Recommended workflow
Build twelve scene images of a mascot: canonical portrait first, 5-trait description, then for each scene, [trait block] doing [action] in [setting], [pose], [lighting]. Consistent across all twelve outputs. Total time about 3-4 hours including iteration; a tenth as long without this discipline but with unusable results.
Common mistakes
- Rephrasing the character description each scene. “Red hair” -> “ginger hair” -> “auburn hair” -> a different person by image 5.
- Adding new traits mid-series (“she has a pendant now”). Stick to what was in the canonical, or update the bible explicitly.
- Not saving the canonical image. You lose the only objective anchor and every drift compounds.
- Trying for hyperreal real-person consistency. Stick to stylized characters where the human eye forgives small differences.
- Using different models within a single character set. Midjourney Mira and Stable Diffusion Mira will not match; pick one.
- Letting prompt order drift. Always put the trait block first; moving it later in the prompt reduces its influence.
Advanced tips
- For maximum consistency, use tools with explicit character reference (Midjourney
--crefat weight 100, Stable Diffusion LoRA trained on 15-30 images, Flux Redux, Sora character system). - Stylized beats photoreal for consistency — cartoon and painterly characters tolerate small variations better than photoreal humans.
- For comics or story sequences, generate all panels in one session so the model “warms up” to the character.
- Train a LoRA once you have 15-30 approved outputs. Future generations will hold consistency without needing the reference image attached every time.
- For video (Sora, Veo), generate a strong canonical key frame first, then use image-to-video to drive motion. Pure text-to-video character consistency is still weak.
Output checklist
- Canonical character image saved at high resolution.
- Trait list (5-7 specific traits) reused identically across scenes.
- Reference image attached as input in every tool that supports it.
- Character bible doc maintained and version-controlled.
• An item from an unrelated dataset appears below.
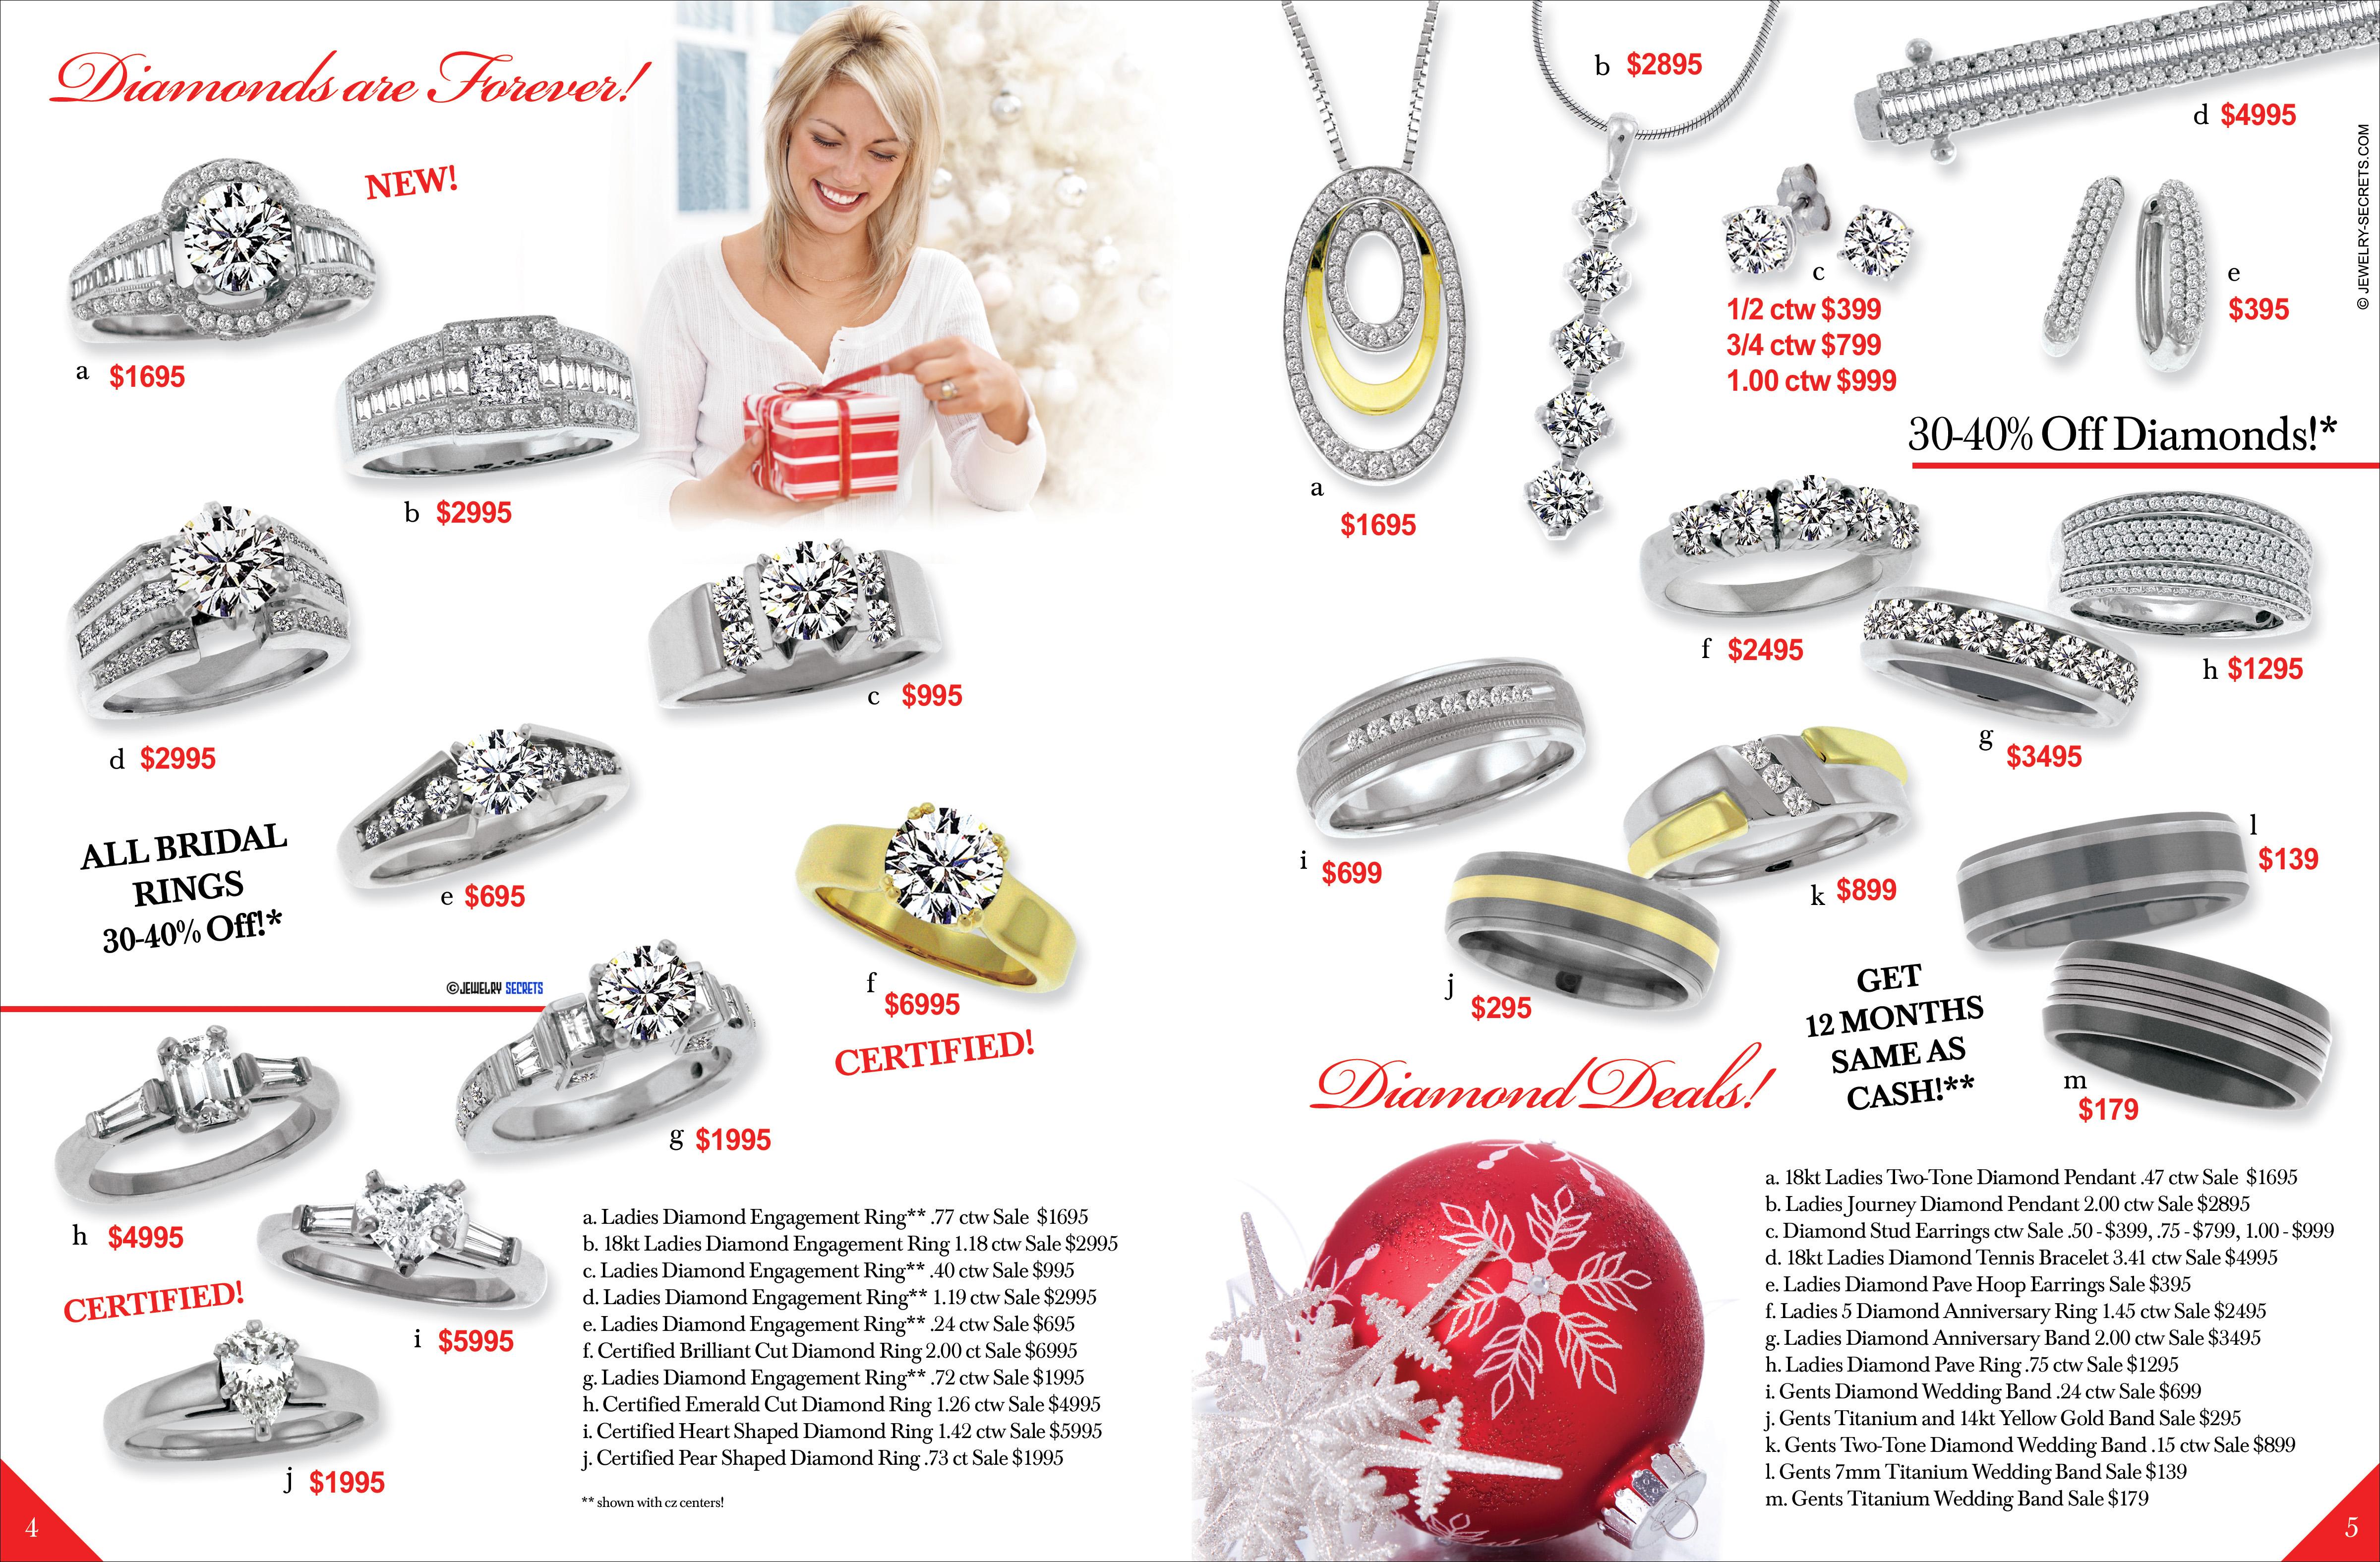 christmas catalog centerfold sample advertisement jewelry secrets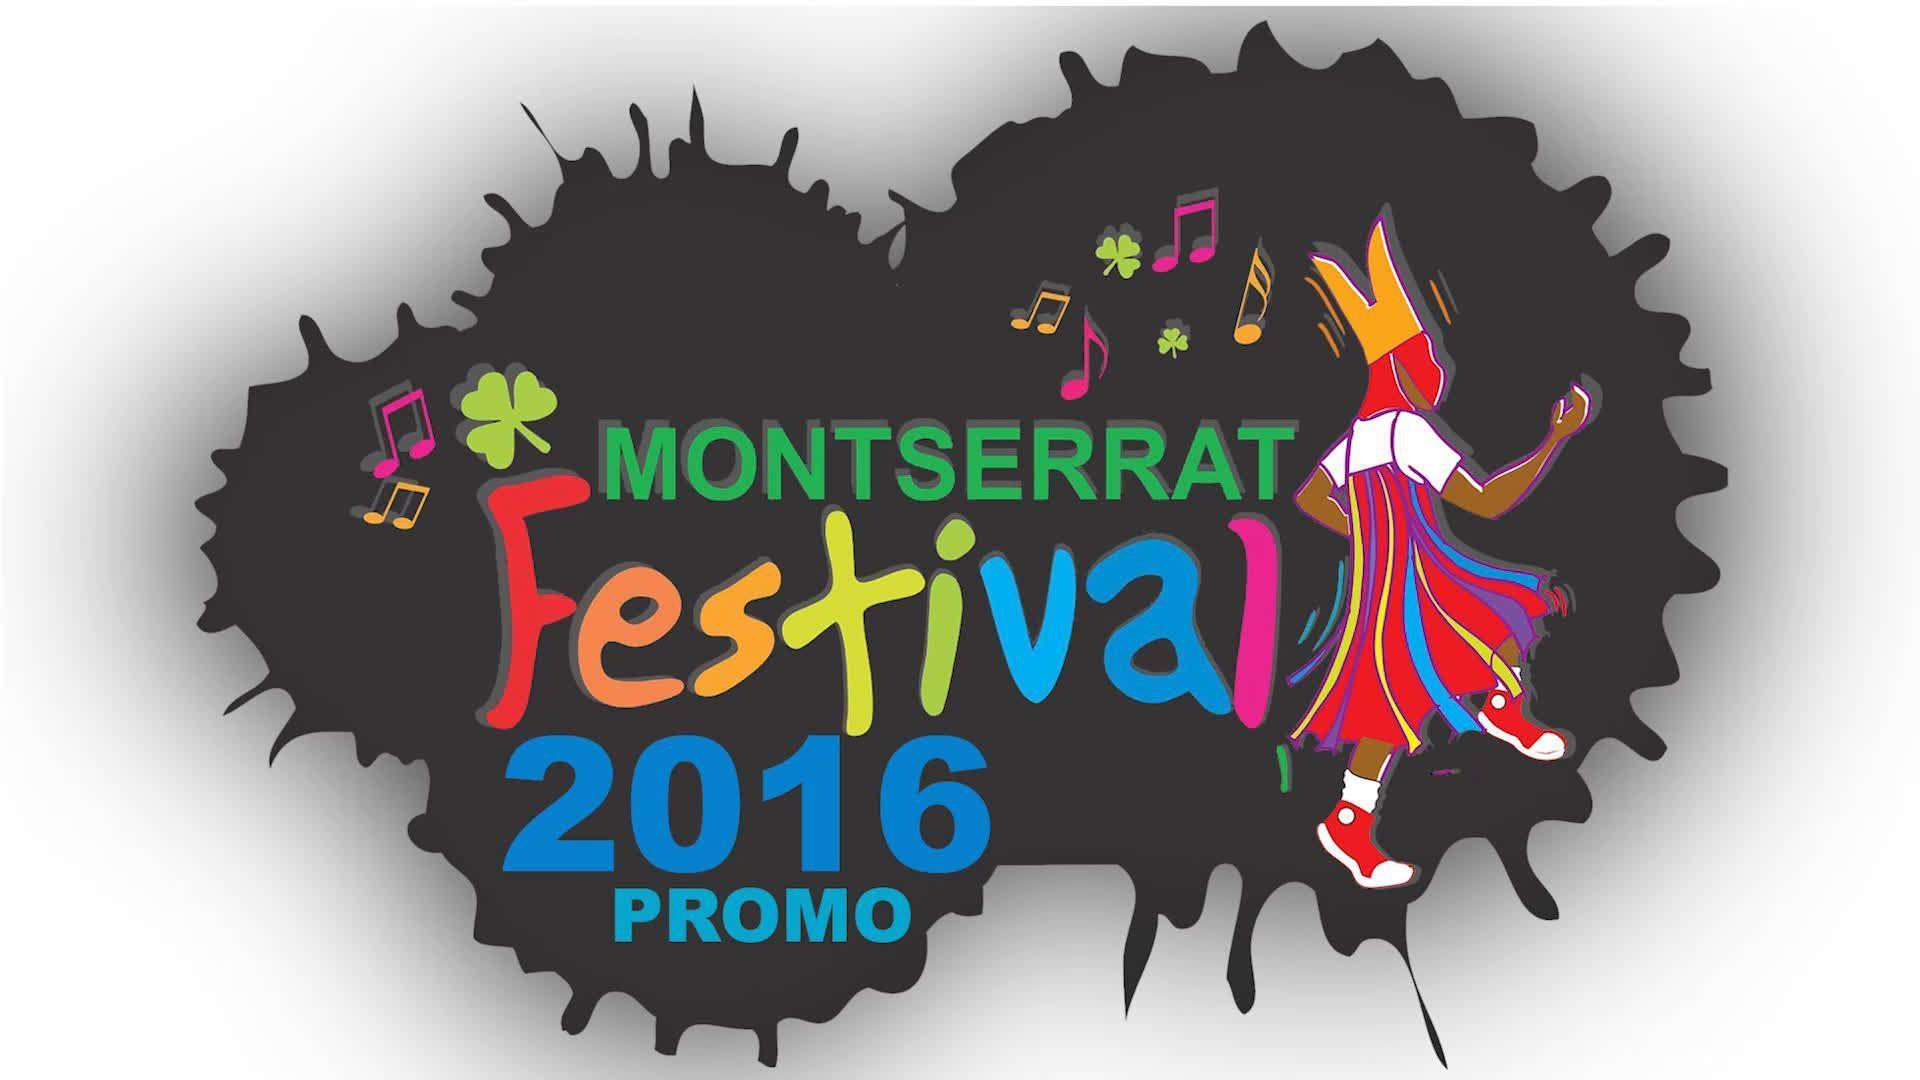 Montserrat Opening of Festival / Calypso Semifinals 2016

- Scene outputs reviewed side by side at thumbnail size before approval.
FAQ
- Best tool for character consistency?: Midjourney
--creffor fast iteration, Stable Diffusion + LoRA for maximum control, Flux Redux for high-fidelity reference matching, Sora character system for video. Test all on your specific character; results vary by style. - Can I train a model on my character?: For Stable Diffusion, yes — LoRA needs about 15-30 reference images and produces strong consistency. DreamBooth is more powerful but heavier. For closed models, use their built-in reference features instead.
- Why does the face still drift even with a reference image?: Reference weight is probably too low, or the reference image itself was inconsistent (multiple angles in one image confuses the system). Use a single clean front-facing canonical.
- How many traits is too many?: Above 8-10 specific traits, models start to drop some randomly. Stick to the most visible and distinguishing.
- Can I do photoreal human consistency?: Not reliably with current public models. Stylized photoreal (a slightly painterly look) works; pure photoreal does not yet hold across enough variations.
- What if I need the character in 100 images?: Train a LoRA after the first 20 approved outputs. Future generations cost much less effort and stay more consistent.